→ TASK REQUIREMENTS: Print out the full material below, exact in every line, with no images included.

→ DATASET EXTRACT:

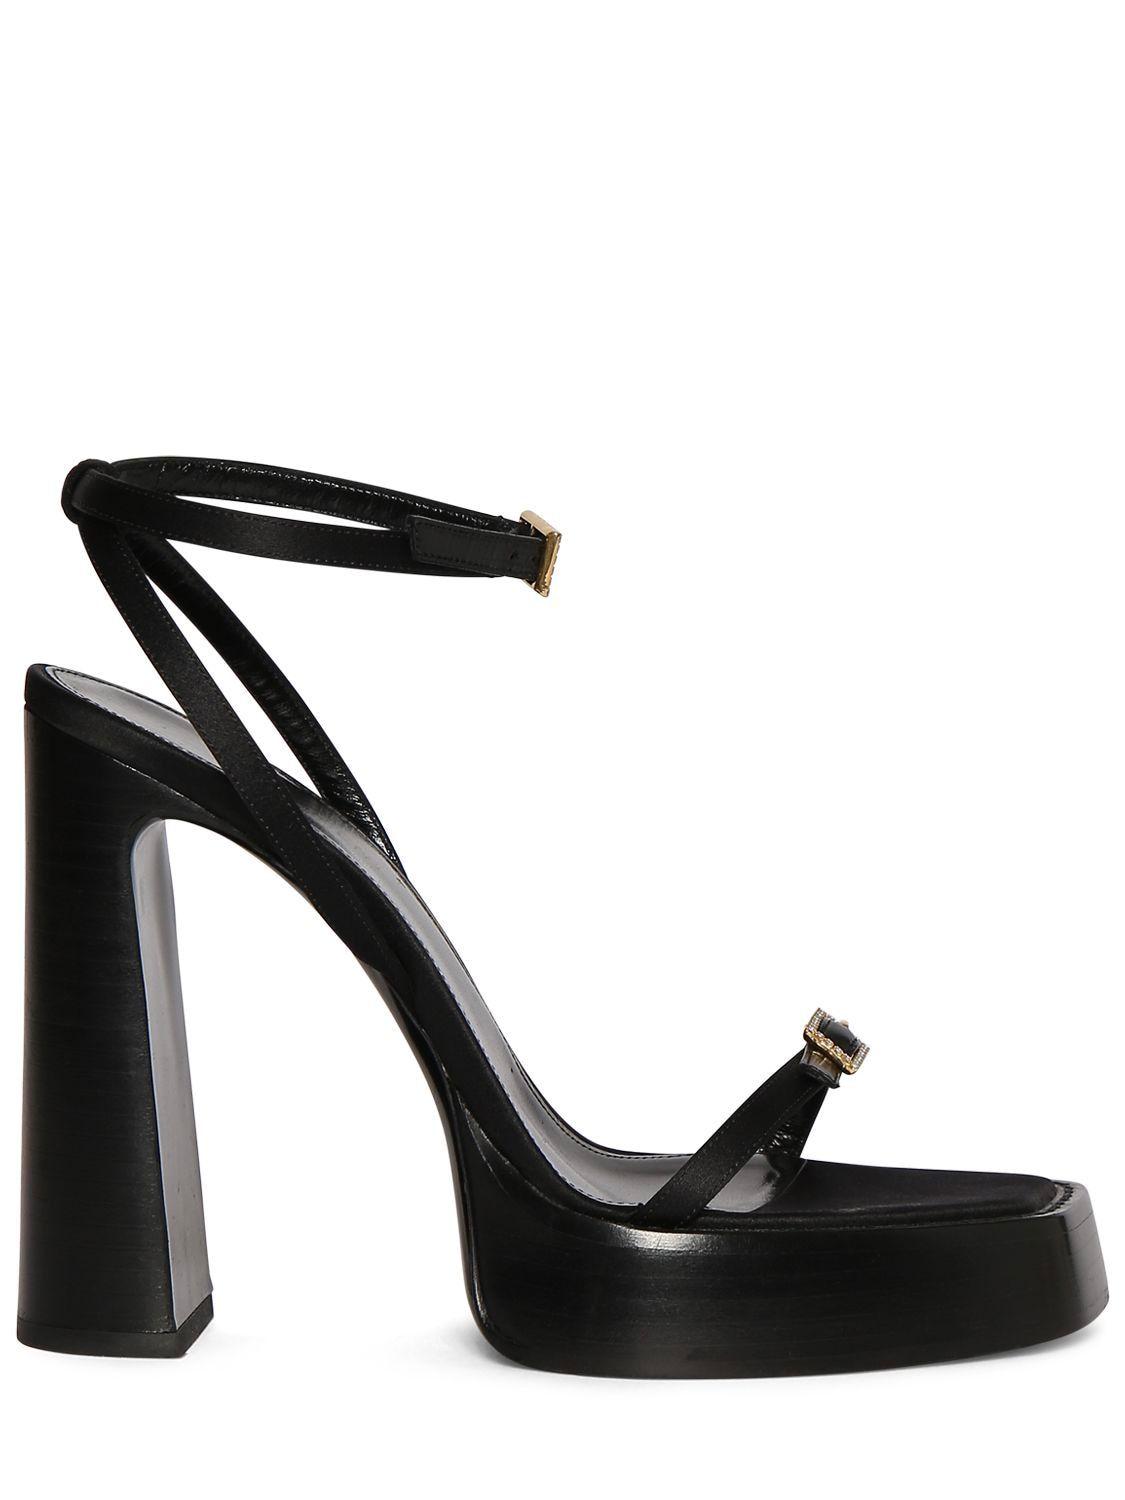 Saint Laurent 105mm Platz Crepe Satin Sandals in Black | Lyst
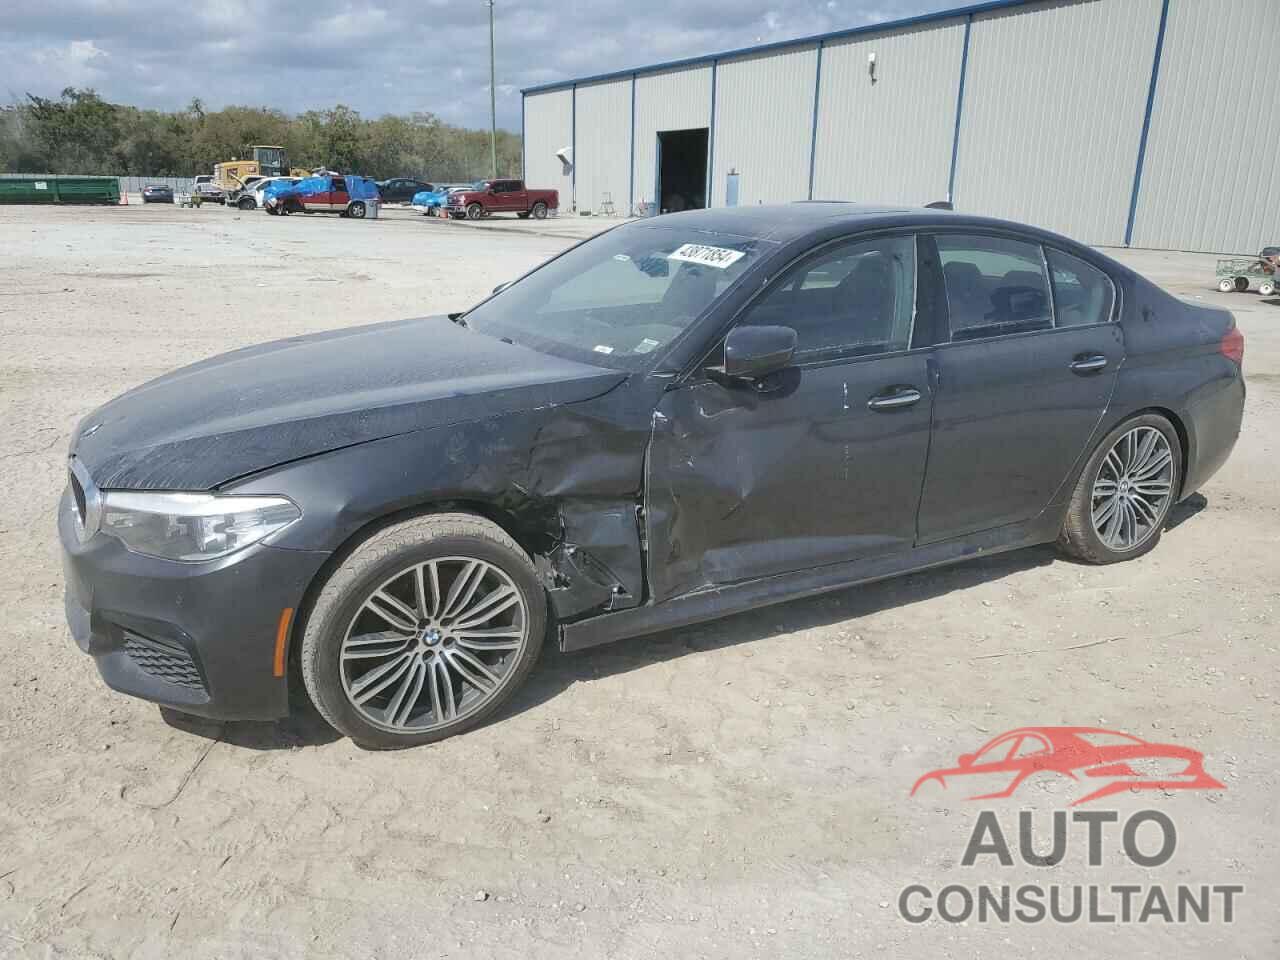 BMW 5 SERIES 2018 - WBAJE7C53JG891199
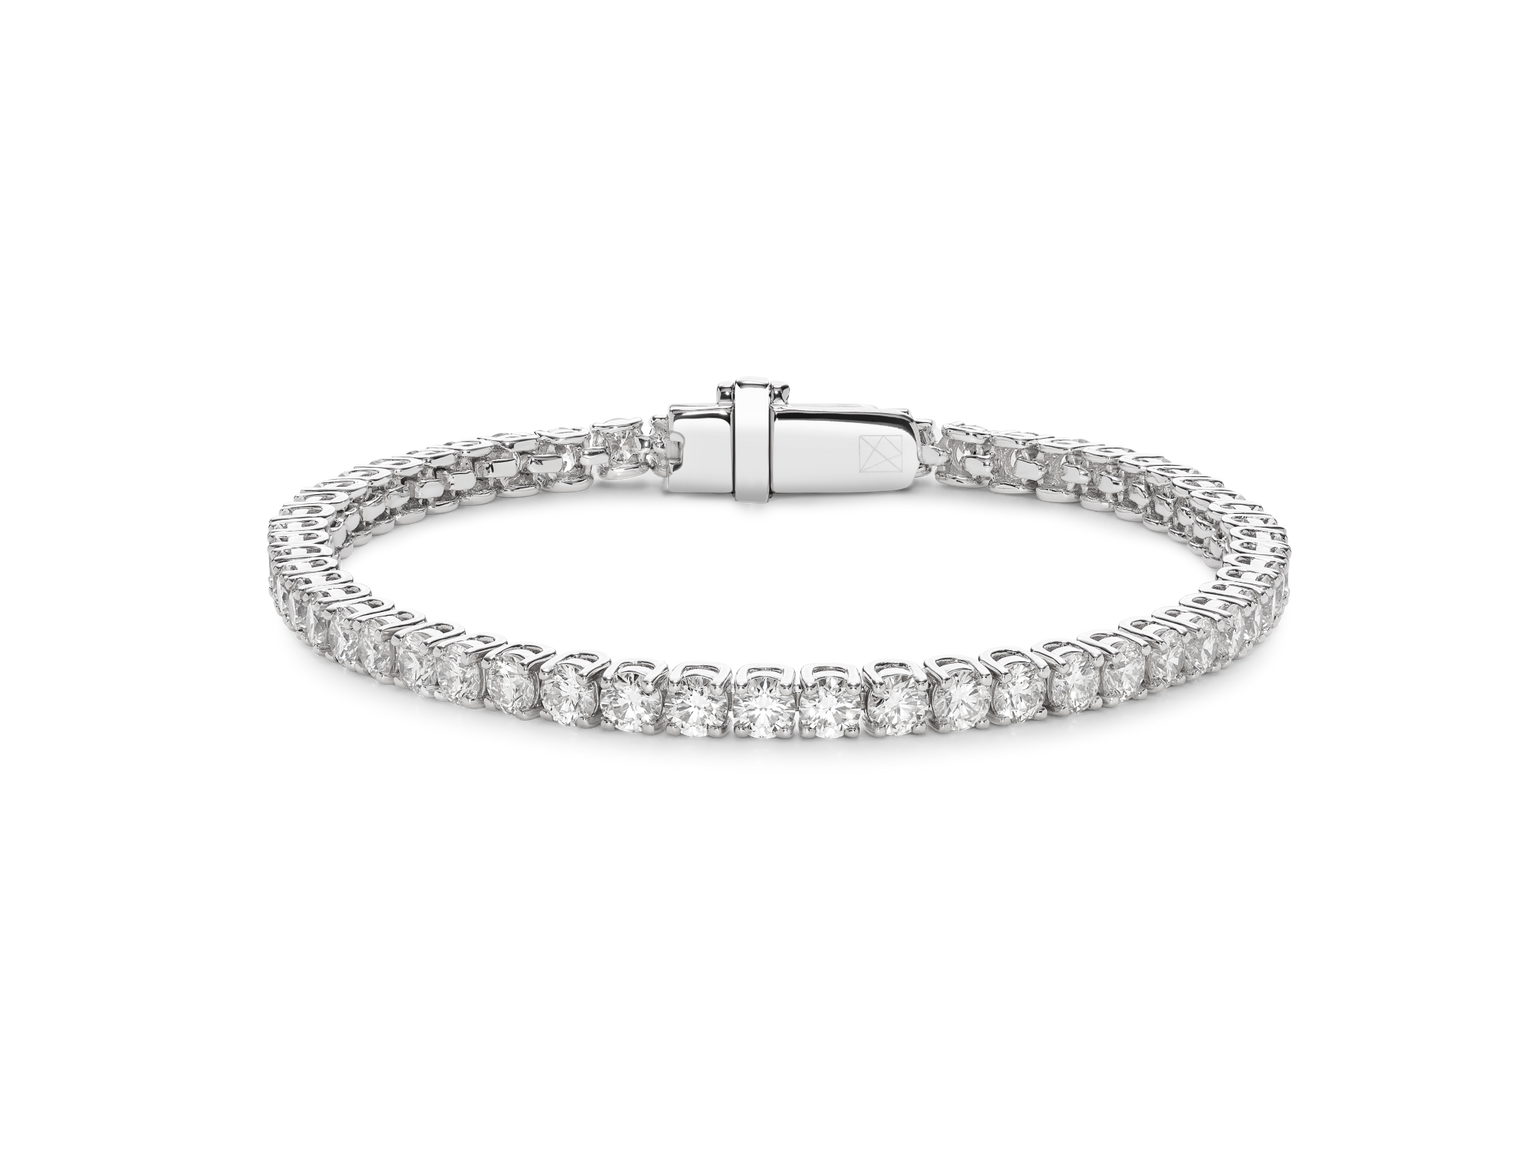 Lab-Grown Diamond Small Tennis Bracelet - G/H color, 6.5" length | White
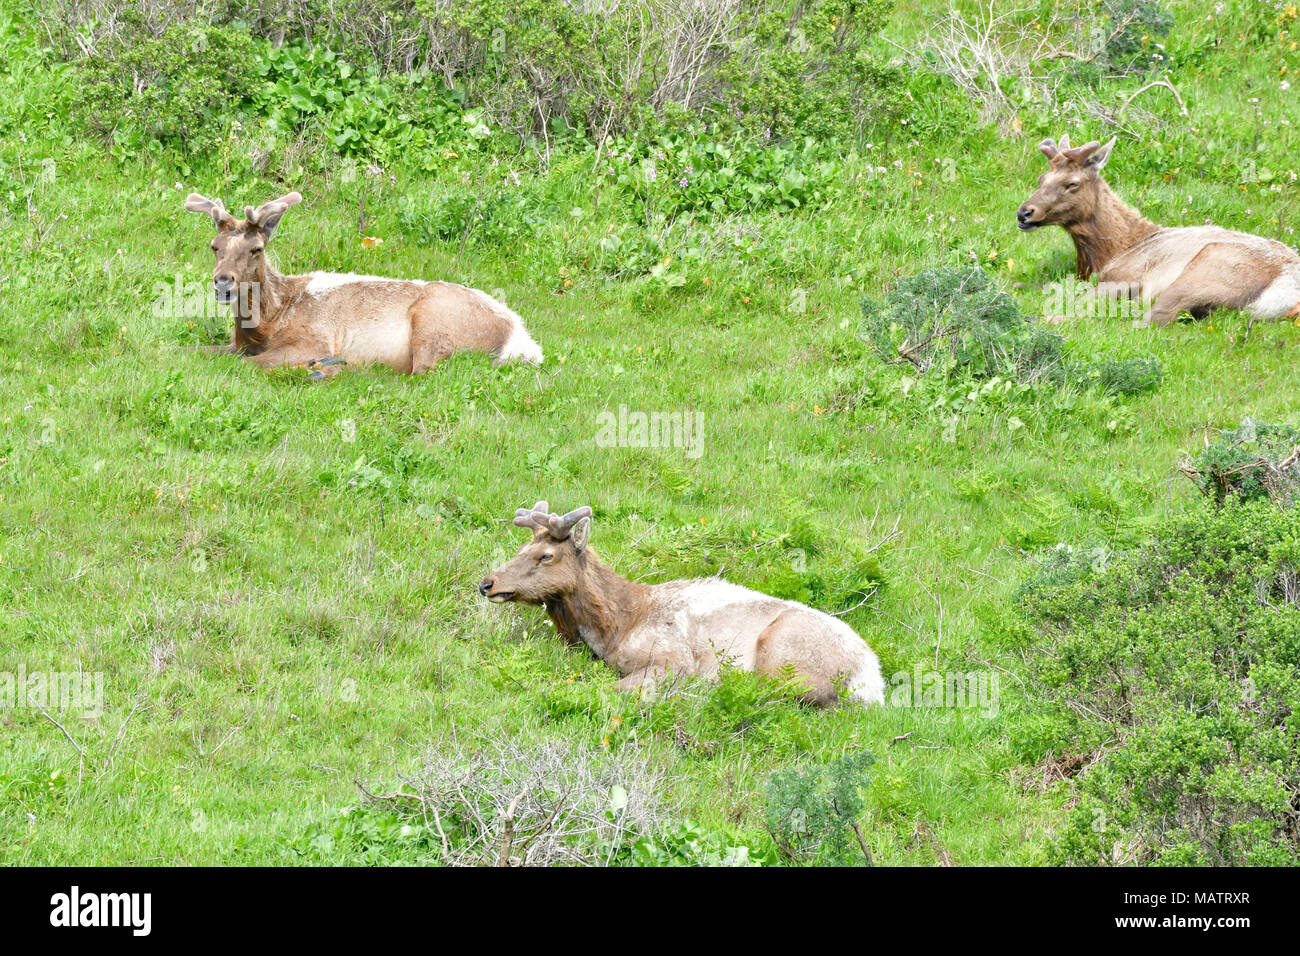 Tule Elk Tomale Elks en reserva Foto de stock

→ ANSWER SECTION:
 Saint Laurent 105mm Platz Crepe Satin Sandals in Black | Lyst
 BMW 5 SERIES 2018 - WBAJE7C53JG891199
 Lab-Grown Diamond Small Tennis Bracelet - G/H color, 6.5" length | White
 Tule Elk Tomale Elks en reserva Foto de stock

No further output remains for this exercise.